:: Dataset extract ::
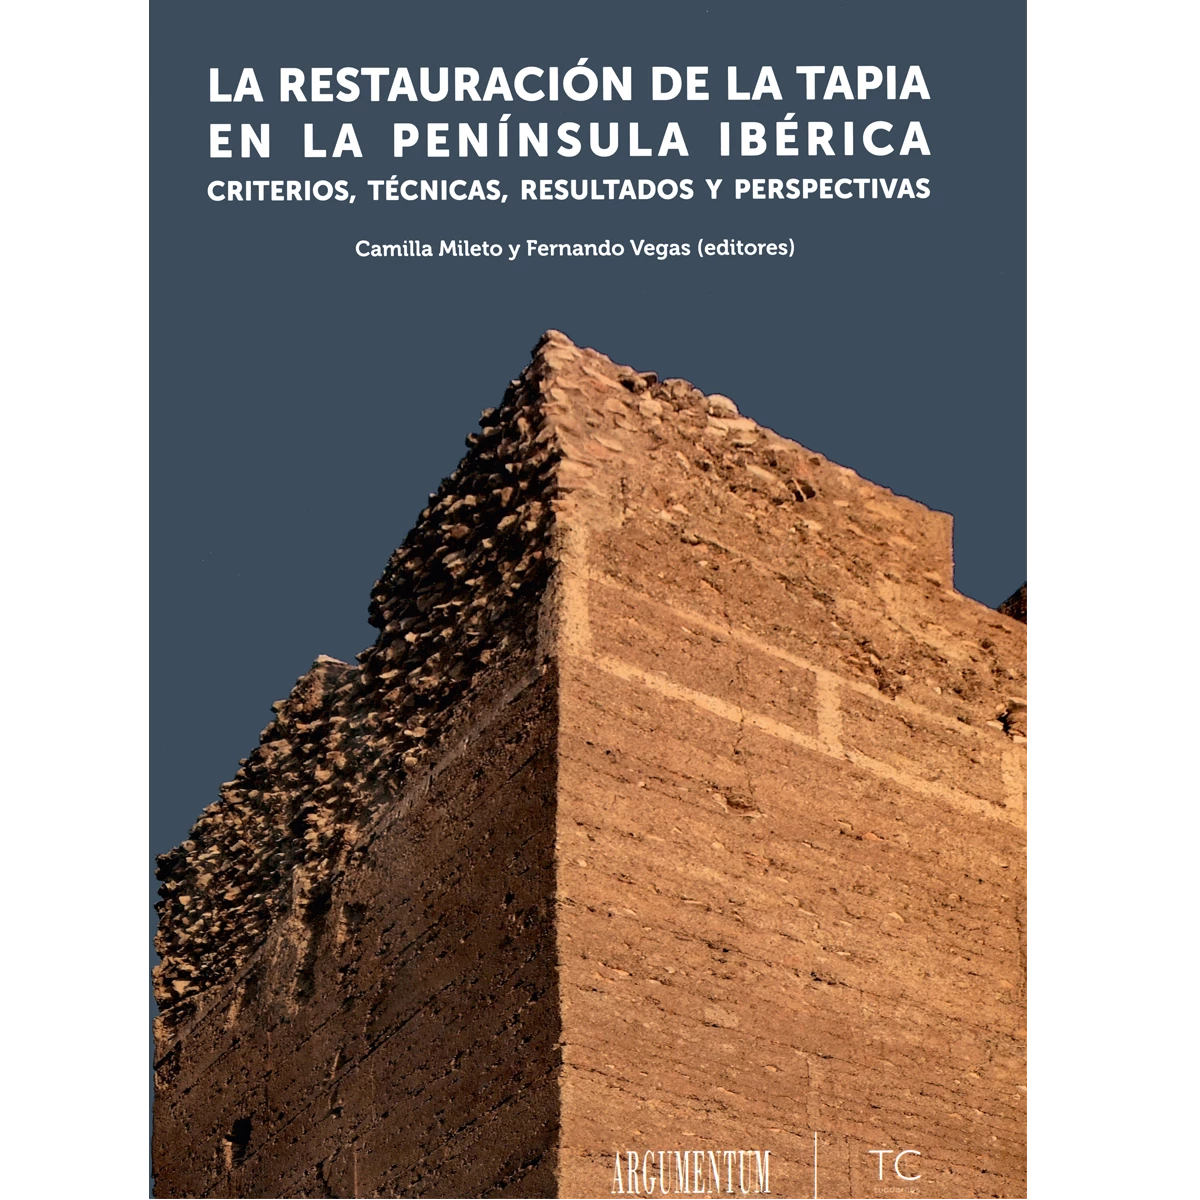 La restauración de la tapia en la península Ibérica
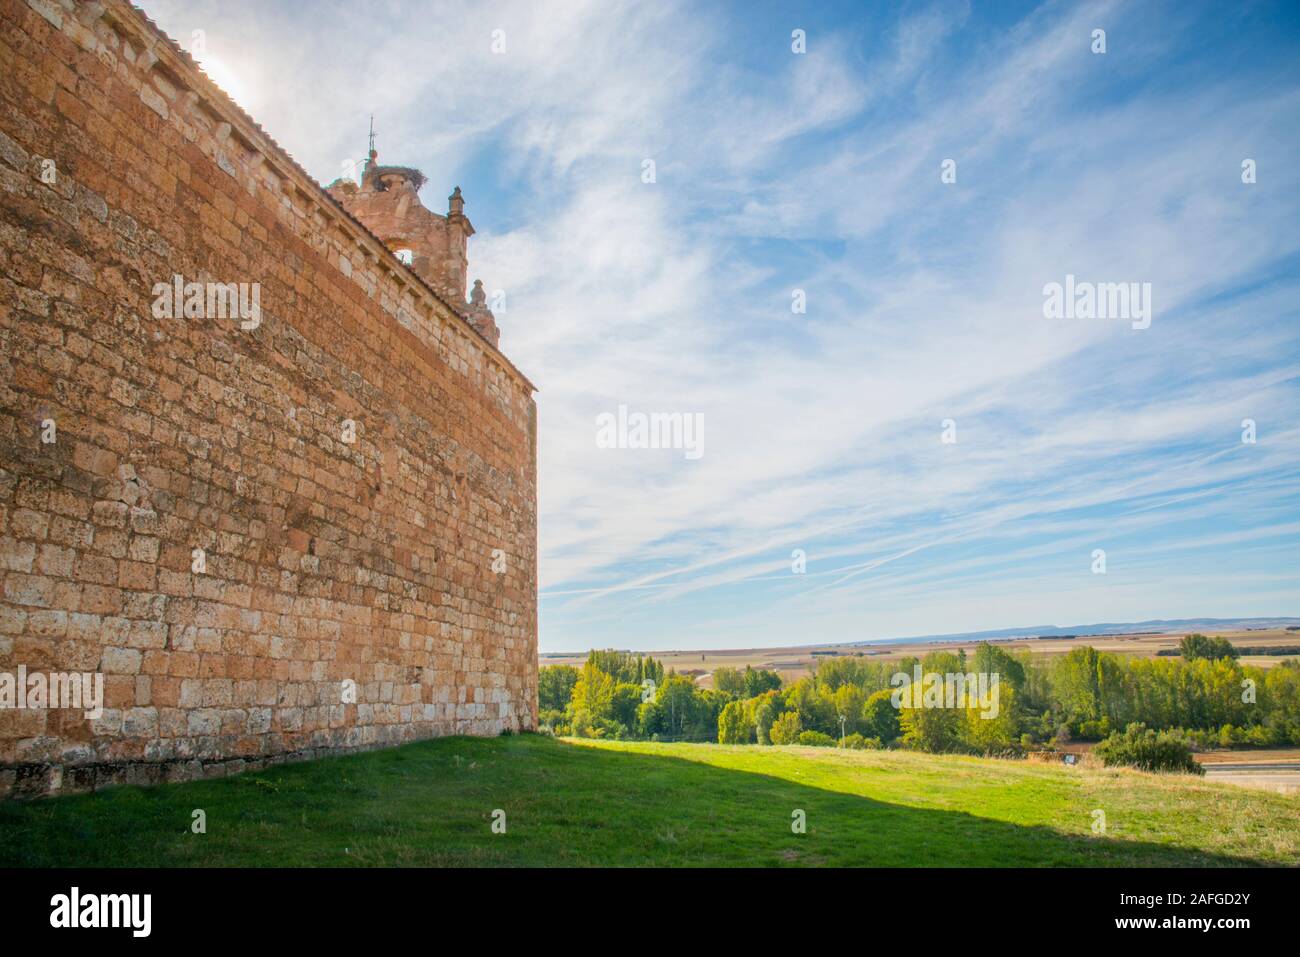 Church and landscape. Santa Maria de Riaza, Segovia province, Castilla Leon, Spain. Stock Photo
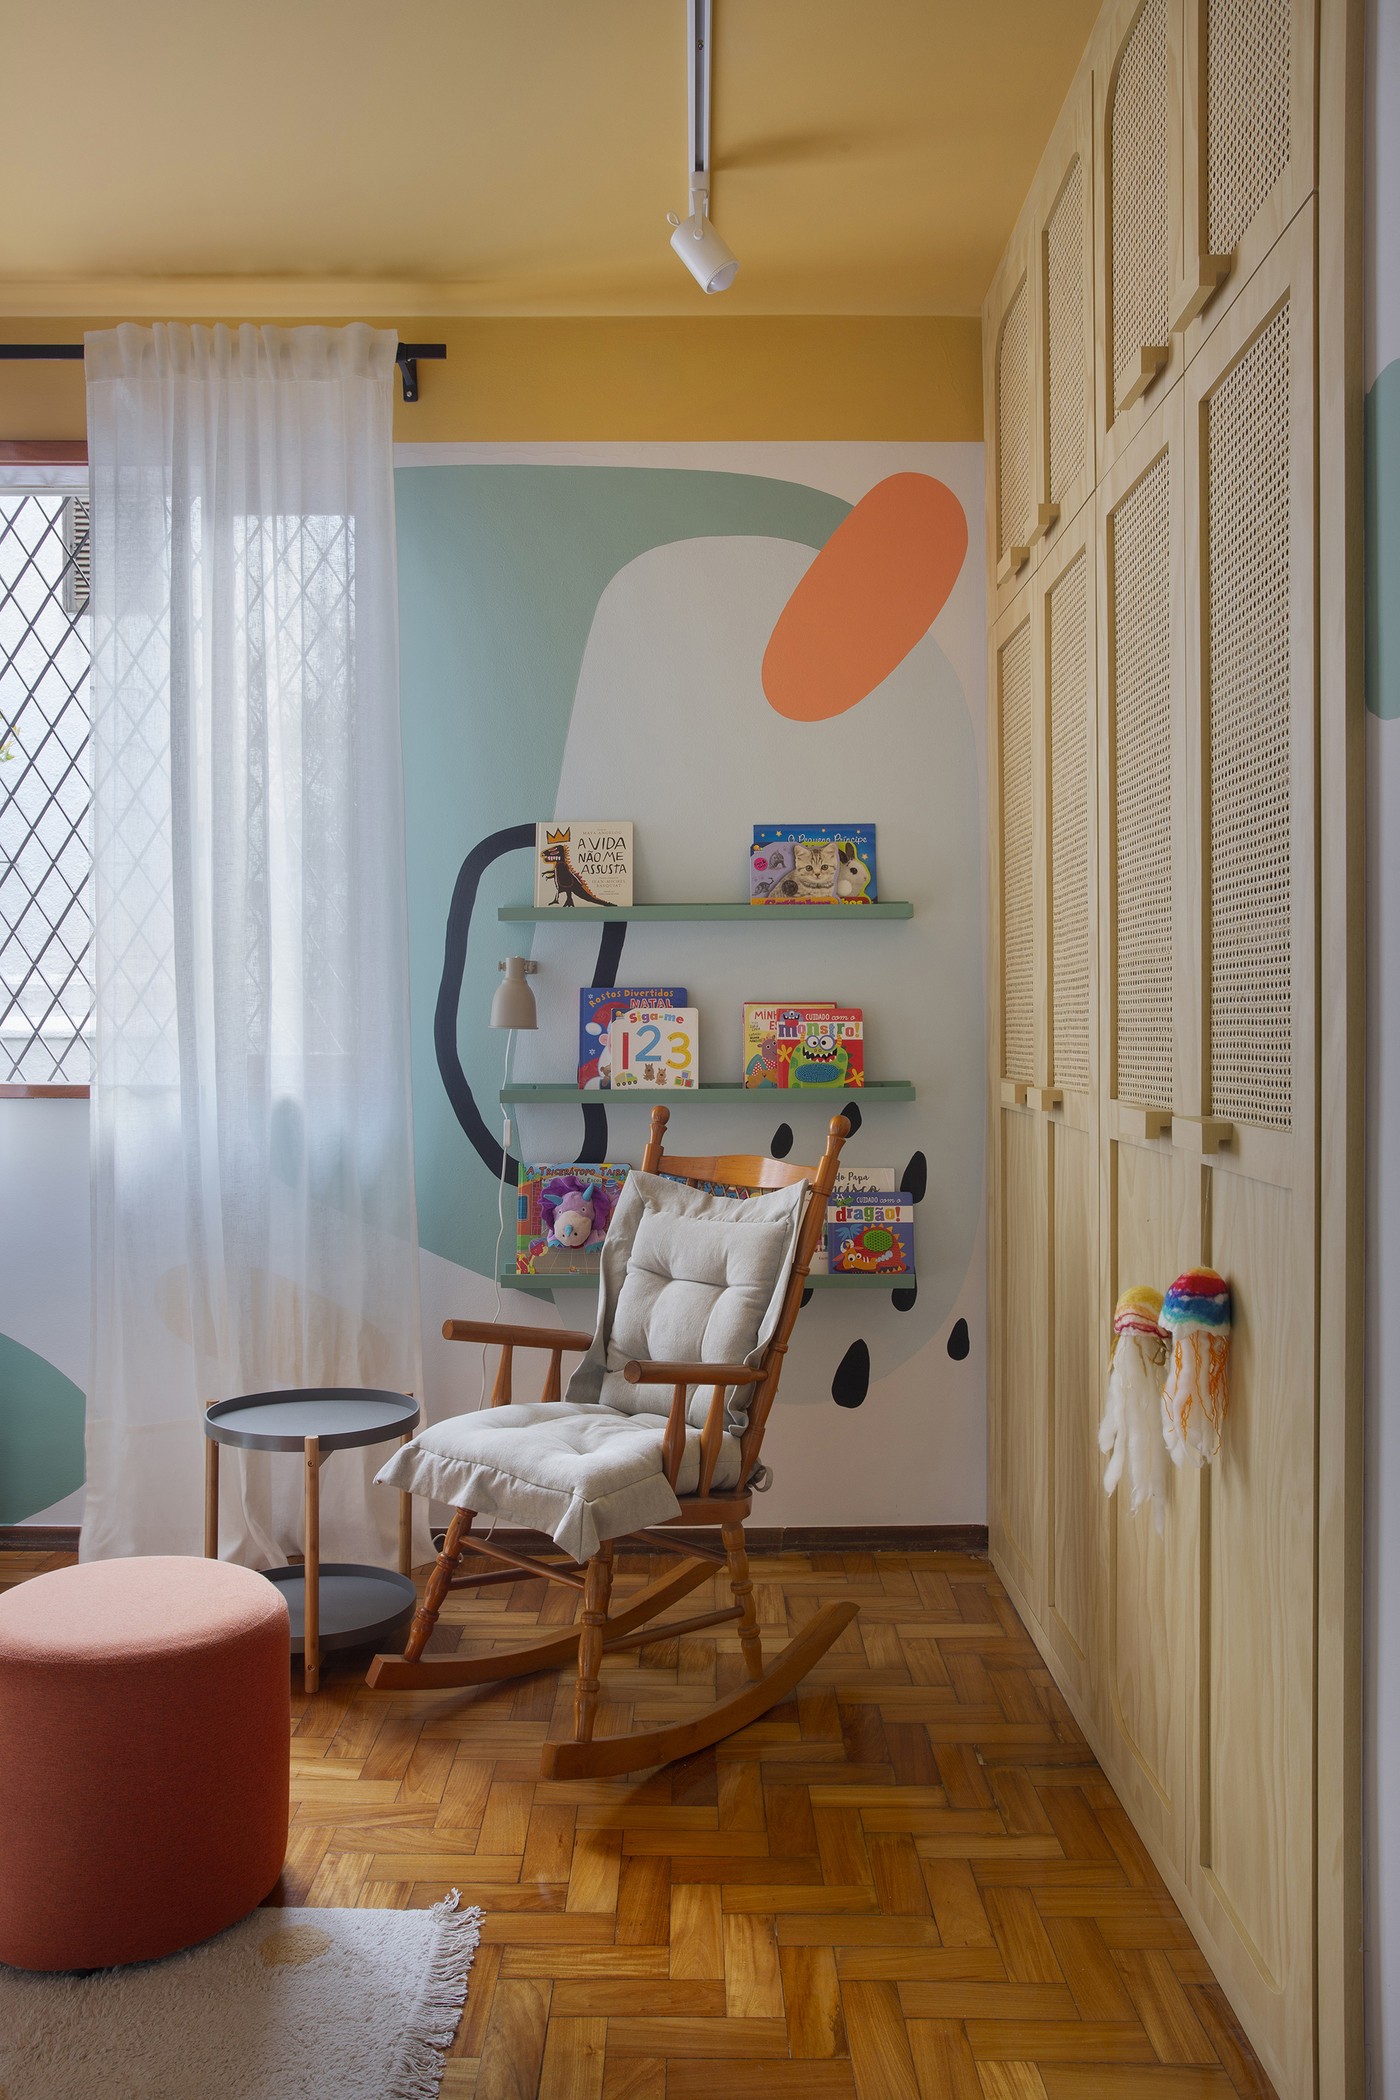 Décor do dia: quarto infantil com pintura orgânica e colorida (Foto: Juliano Colodeti/MCA Estúdio)

:: Problem description ::
Starting at the line that contains "Church and landscape.", write out exactly each line through the last one in the listing above, leaving out the pictures and adding nothing else.

:: Solution to this problem ::
 Church and landscape. Santa Maria de Riaza, Segovia province, Castilla Leon, Spain. Stock Photo
 Décor do dia: quarto infantil com pintura orgânica e colorida (Foto: Juliano Colodeti/MCA Estúdio)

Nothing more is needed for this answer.